Dipping into a small salt-water pool on the roof of a hotel in Los Angeles, I experience two profound and simultaneous revelations: 1. I love salt-water swimming pools and their uterine feel of buoyancy and security; 2. I am very suspicious of hairless men. My chest is matted with gray hair and I’m thrashing awkwardly about, like an arthritic bear. I have the feeling I’m the only who merely “had breakfast” … everyone else assimilated an optimum blend of amino acids.

There is something deeply aesthetically satisfying about a nice hotel pool, pyramids of fluffy towels erected everywhere, a blinding white in the sun. The pool water seeming to be a blue so specific to pools, one hunts for the right color adjective—azure, cyan, sapphire, or cerulean—in vain. The whole experience is ontologically connected to color.
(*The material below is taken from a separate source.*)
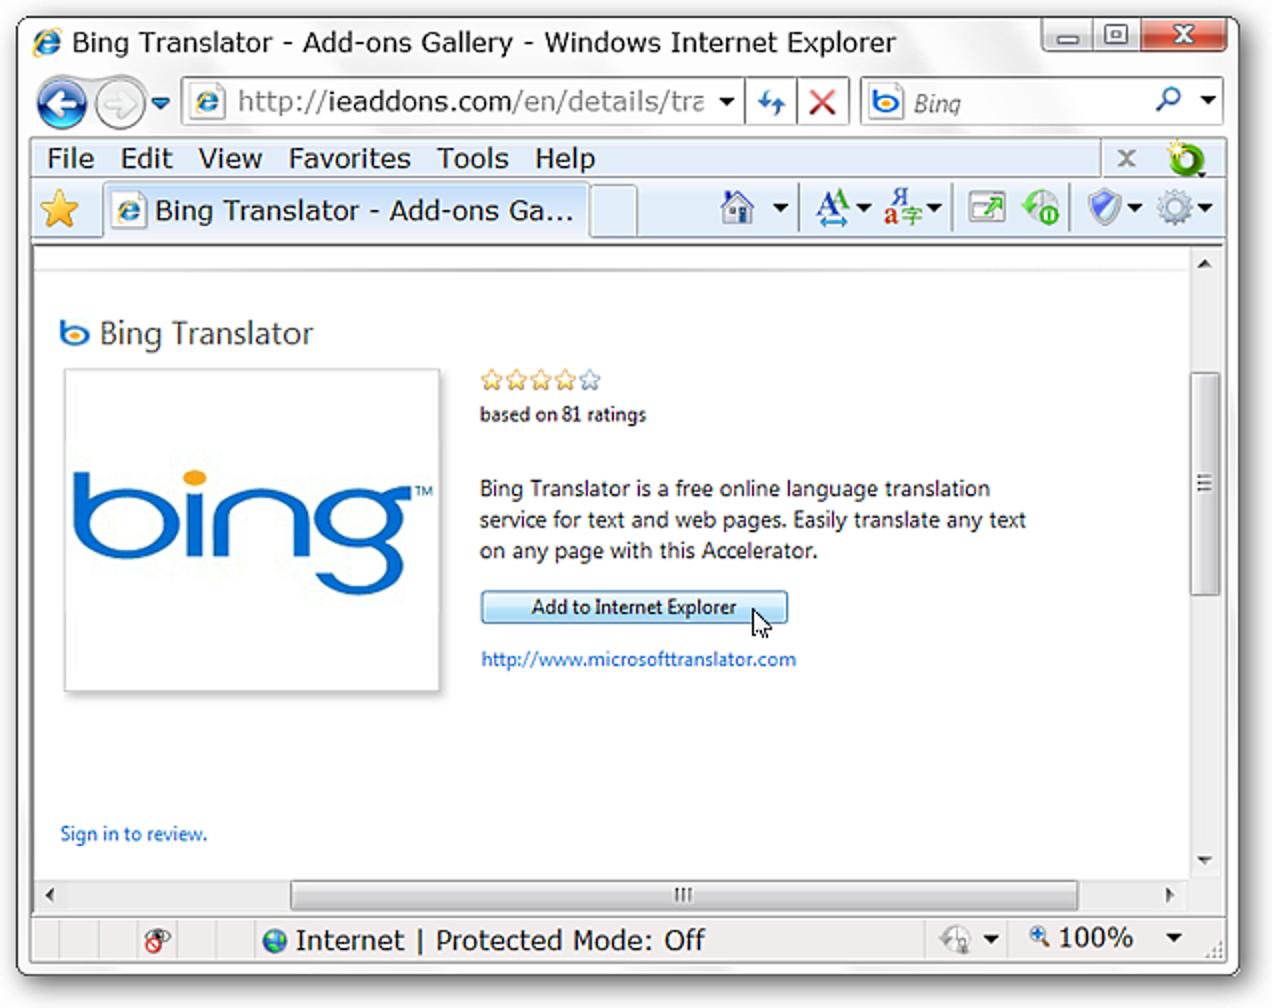 Übersetzen Sie Sprachen in IE 8 mit Bing Translator

White. Blue. The subtle, shifting flesh tone as one watches the skin darken, carcinomically. I push off and glide toward the other side.

My father taught me to swim. My mother, on the other hand, retains a life-long fear of water. I can picture her wrapped in a life jacket, face frozen in a rictus of terror as we all raced across Lake Tahoe in a motorboat. We weren’t afraid, my sisters, my father, and I. Dad took us swimming all the time. “Swimming,” not just “to the pool,” or better still the beach. I must have grown to resent the fact that the pool, which I was inclined to associate with fun, became a place of discipline and duty. My father had me count my laps and work towards some lofty-sounding goal … half mile, mile, long distances back and forth going nowhere. He taught me to swim the American crawl, a vigorous, patriotic stroke. But he didn’t generally use this stroke. He had developed a unique version of the breaststroke. Now I am as old as he was when he taught me to swim and I find myself swimming that same languid breaststroke, head always above water, slow and purposeful. I don’t count my strokes and I rarely swim more than two or three laps. I don’t go to the pool to swim. I sunbathe and read and drink and people watch (not the same as merely watching people). I like how it feels as the sun and warm breeze dry the beads of water from my skin, and it grows very warm, so I dip once again into the pool, order another drink, and feel the water and the sun and remember.